What to work on —
Starting at the line that has "Дэвид Финчер и" and stopping after the line that has "Gráfico de la", reproduce the listing below exactly; omit everything else.

The input —
______________________________

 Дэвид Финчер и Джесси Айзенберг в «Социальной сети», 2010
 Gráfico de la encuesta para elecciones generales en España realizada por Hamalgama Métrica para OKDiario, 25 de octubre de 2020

______________________________

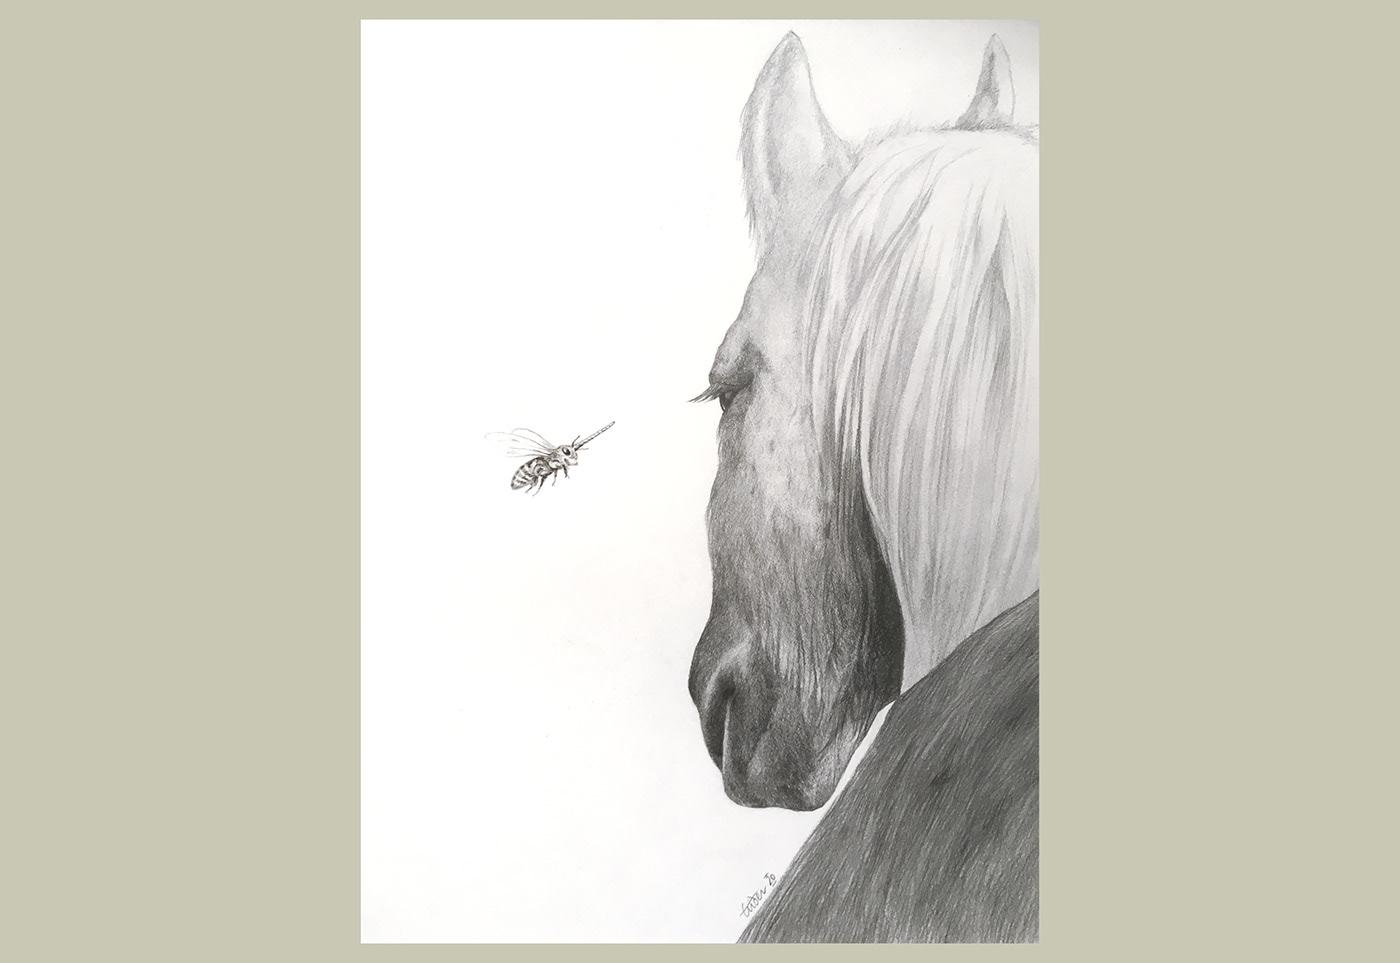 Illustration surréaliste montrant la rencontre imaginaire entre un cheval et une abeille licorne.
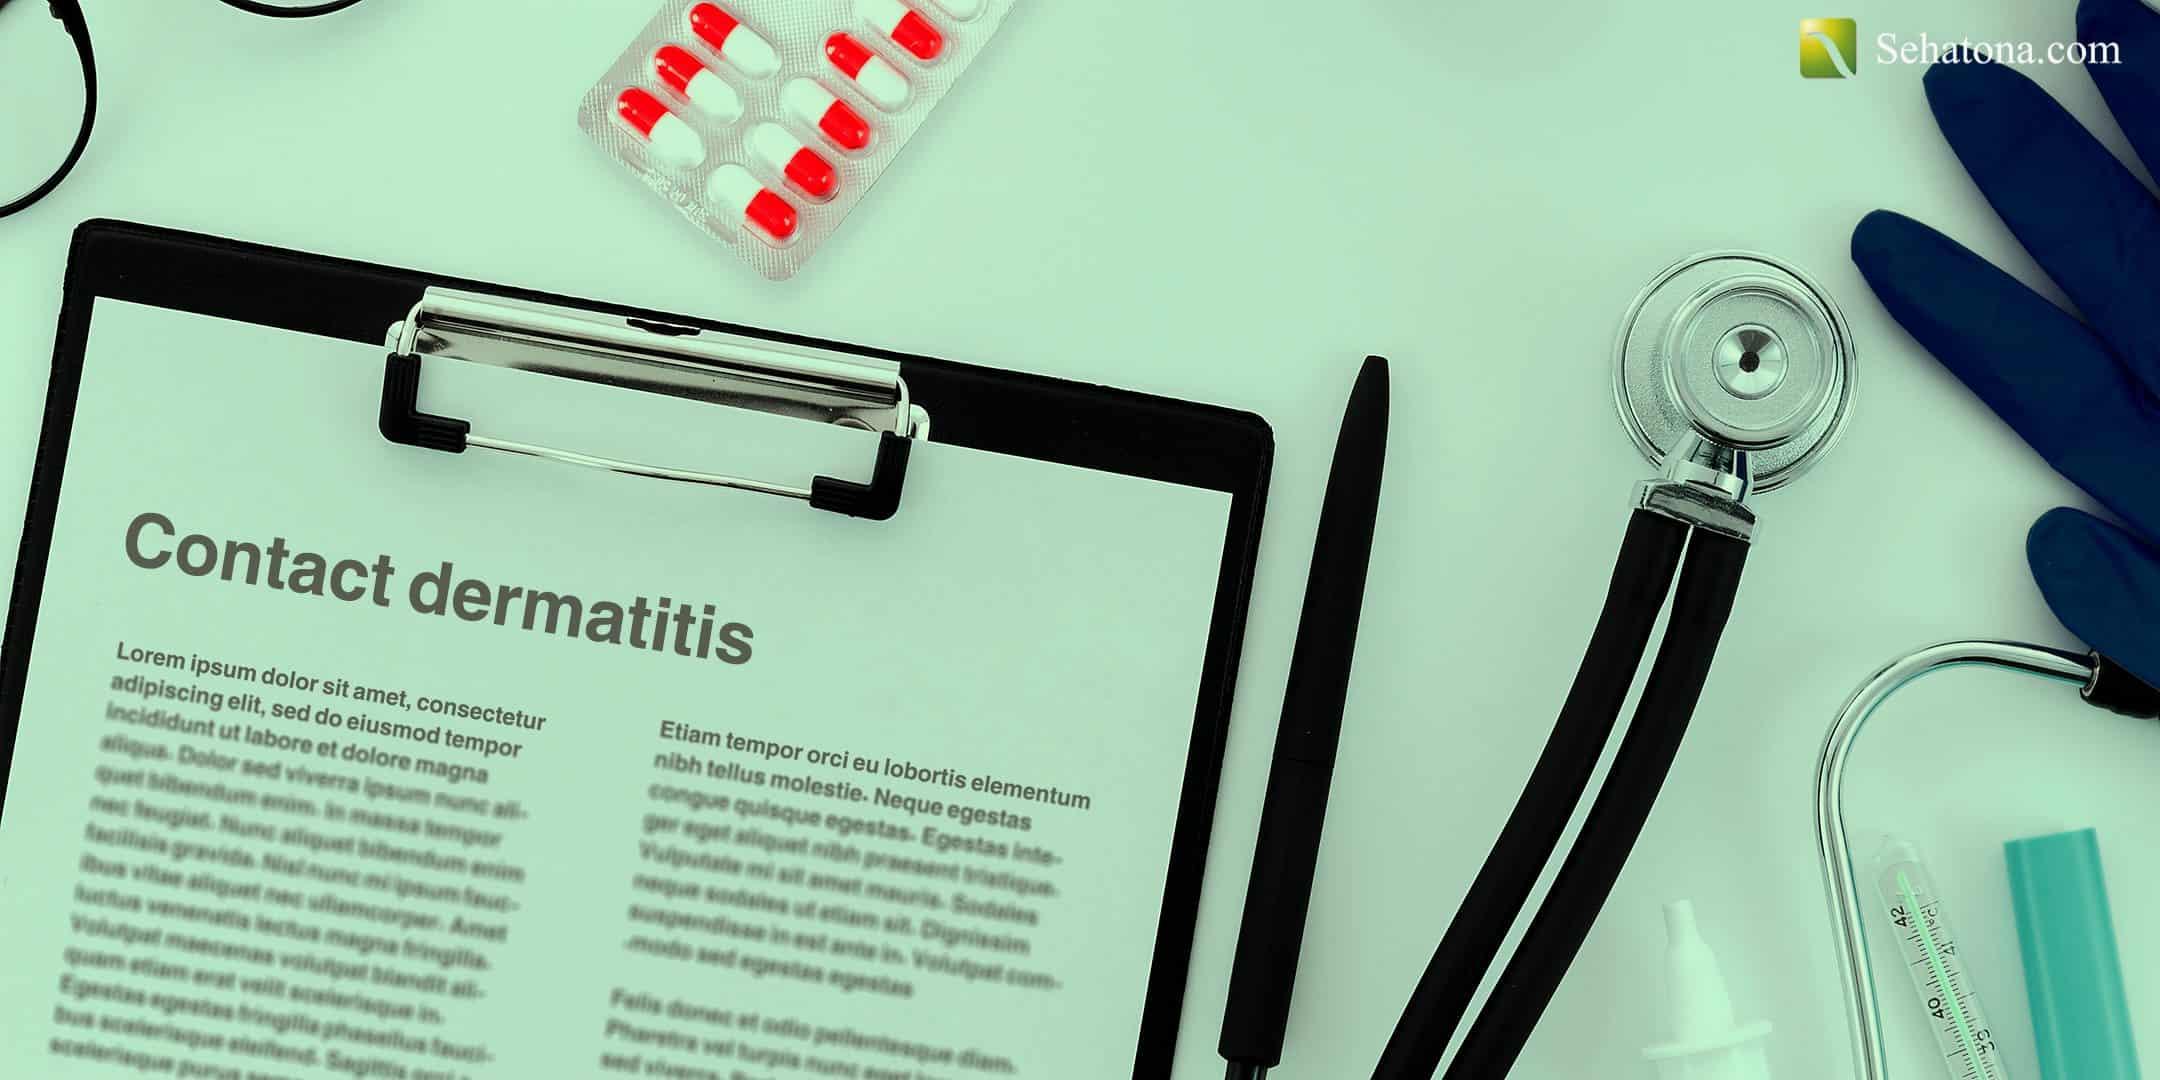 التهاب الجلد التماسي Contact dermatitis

______________________________

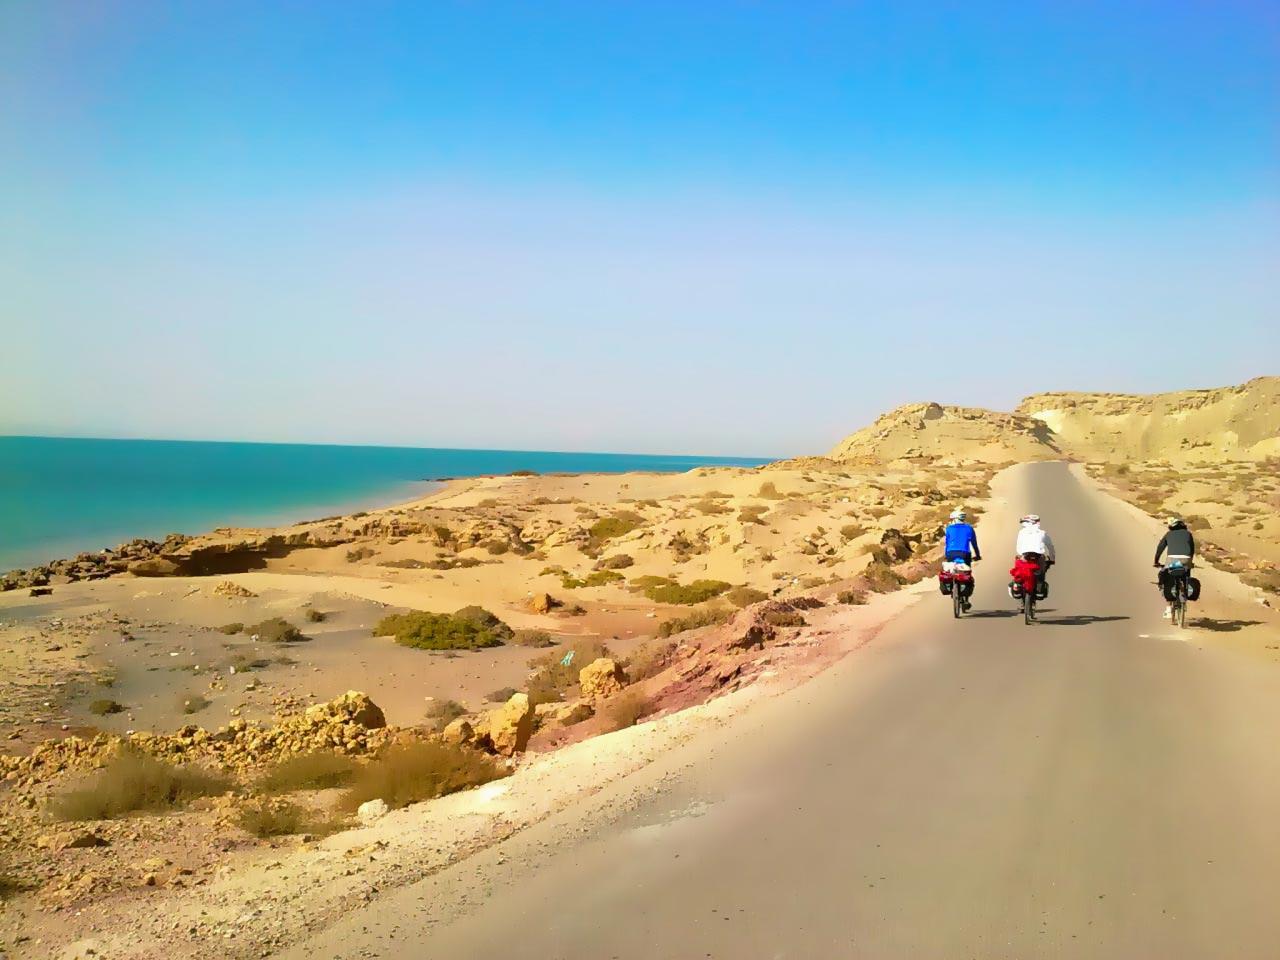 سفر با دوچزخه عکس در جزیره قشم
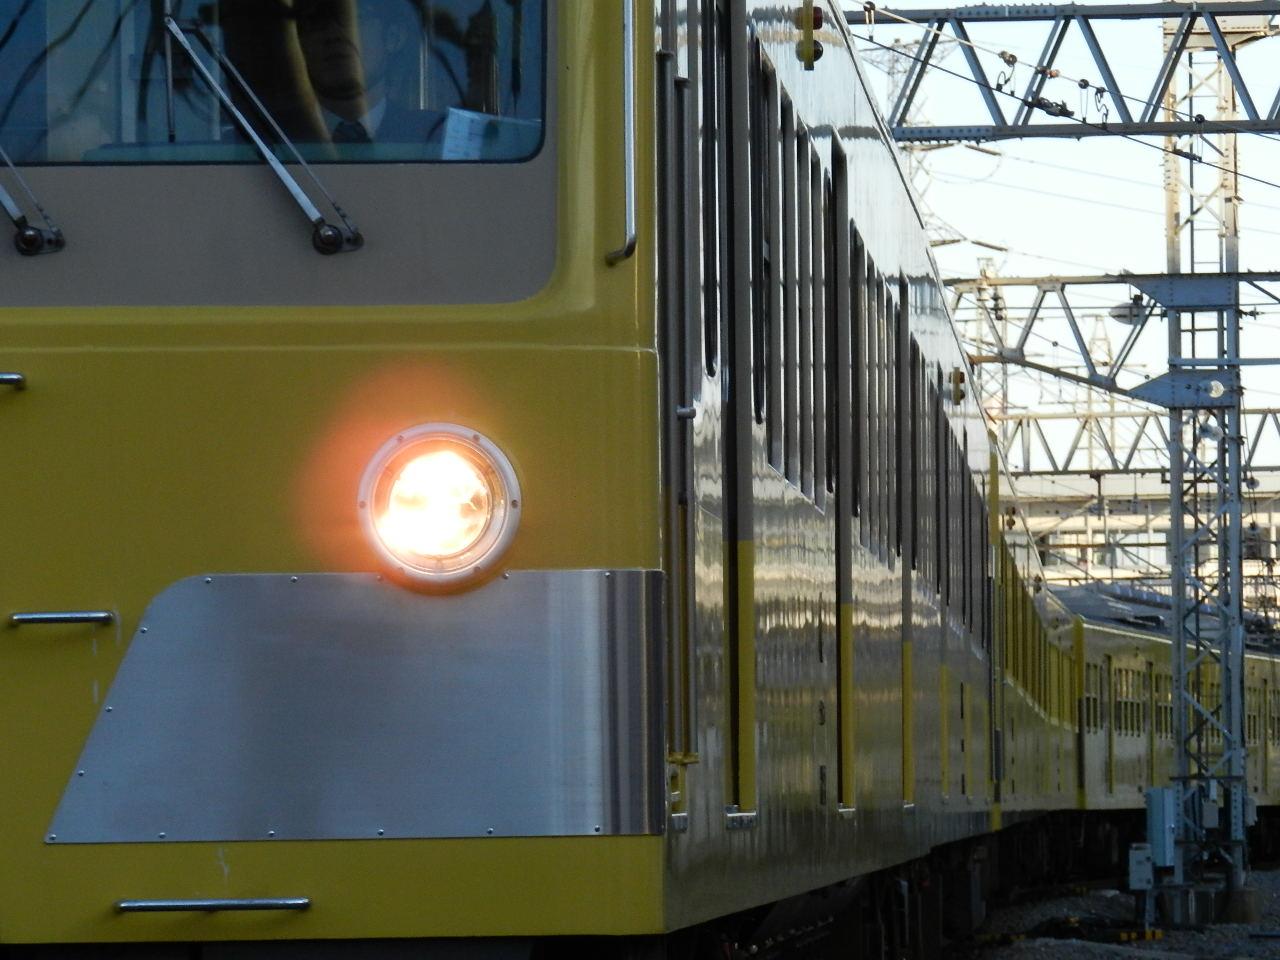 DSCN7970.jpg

______________________________

Task output —
 Дэвид Финчер и Джесси Айзенберг в «Социальной сети», 2010
 Gráfico de la encuesta para elecciones generales en España realizada por Hamalgama Métrica para OKDiario, 25 de octubre de 2020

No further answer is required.